Of all the entries below, only the lines from the one with "Logo der Grundschule" up to and including the one with "Fictional Narrative Writing" are to be duplicated exactly.

--------------------

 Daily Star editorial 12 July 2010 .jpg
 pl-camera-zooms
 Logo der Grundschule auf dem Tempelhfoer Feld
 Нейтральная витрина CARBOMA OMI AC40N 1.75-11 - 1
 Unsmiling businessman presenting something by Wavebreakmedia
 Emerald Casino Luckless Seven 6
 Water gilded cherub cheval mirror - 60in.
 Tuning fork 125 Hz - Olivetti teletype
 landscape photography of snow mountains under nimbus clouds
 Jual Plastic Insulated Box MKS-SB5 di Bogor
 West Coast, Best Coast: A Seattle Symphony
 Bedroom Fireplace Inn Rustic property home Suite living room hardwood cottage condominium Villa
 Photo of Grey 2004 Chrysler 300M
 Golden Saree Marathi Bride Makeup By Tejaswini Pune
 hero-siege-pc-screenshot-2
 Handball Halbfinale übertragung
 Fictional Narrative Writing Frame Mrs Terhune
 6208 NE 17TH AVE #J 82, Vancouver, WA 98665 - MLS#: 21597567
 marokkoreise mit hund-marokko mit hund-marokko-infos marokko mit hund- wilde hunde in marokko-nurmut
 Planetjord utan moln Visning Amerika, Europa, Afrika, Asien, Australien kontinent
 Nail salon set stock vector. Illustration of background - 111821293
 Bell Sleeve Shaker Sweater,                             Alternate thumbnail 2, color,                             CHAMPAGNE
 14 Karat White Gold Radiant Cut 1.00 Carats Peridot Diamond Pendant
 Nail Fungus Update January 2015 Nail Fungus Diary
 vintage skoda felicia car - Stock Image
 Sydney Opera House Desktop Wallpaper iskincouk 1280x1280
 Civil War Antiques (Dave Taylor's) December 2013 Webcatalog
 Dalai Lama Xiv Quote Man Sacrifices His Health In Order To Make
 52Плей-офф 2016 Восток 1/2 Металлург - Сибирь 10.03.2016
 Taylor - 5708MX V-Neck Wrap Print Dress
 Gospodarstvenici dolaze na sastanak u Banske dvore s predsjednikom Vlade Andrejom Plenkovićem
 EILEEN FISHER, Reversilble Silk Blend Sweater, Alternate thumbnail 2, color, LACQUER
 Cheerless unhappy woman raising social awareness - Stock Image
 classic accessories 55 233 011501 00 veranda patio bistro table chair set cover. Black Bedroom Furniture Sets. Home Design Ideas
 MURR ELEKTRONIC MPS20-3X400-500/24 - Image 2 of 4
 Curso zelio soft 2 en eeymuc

--------------------

**Written reply**
 Logo der Grundschule auf dem Tempelhfoer Feld
 Нейтральная витрина CARBOMA OMI AC40N 1.75-11 - 1
 Unsmiling businessman presenting something by Wavebreakmedia
 Emerald Casino Luckless Seven 6
 Water gilded cherub cheval mirror - 60in.
 Tuning fork 125 Hz - Olivetti teletype
 landscape photography of snow mountains under nimbus clouds
 Jual Plastic Insulated Box MKS-SB5 di Bogor
 West Coast, Best Coast: A Seattle Symphony
 Bedroom Fireplace Inn Rustic property home Suite living room hardwood cottage condominium Villa
 Photo of Grey 2004 Chrysler 300M
 Golden Saree Marathi Bride Makeup By Tejaswini Pune
 hero-siege-pc-screenshot-2
 Handball Halbfinale übertragung
 Fictional Narrative Writing Frame Mrs Terhune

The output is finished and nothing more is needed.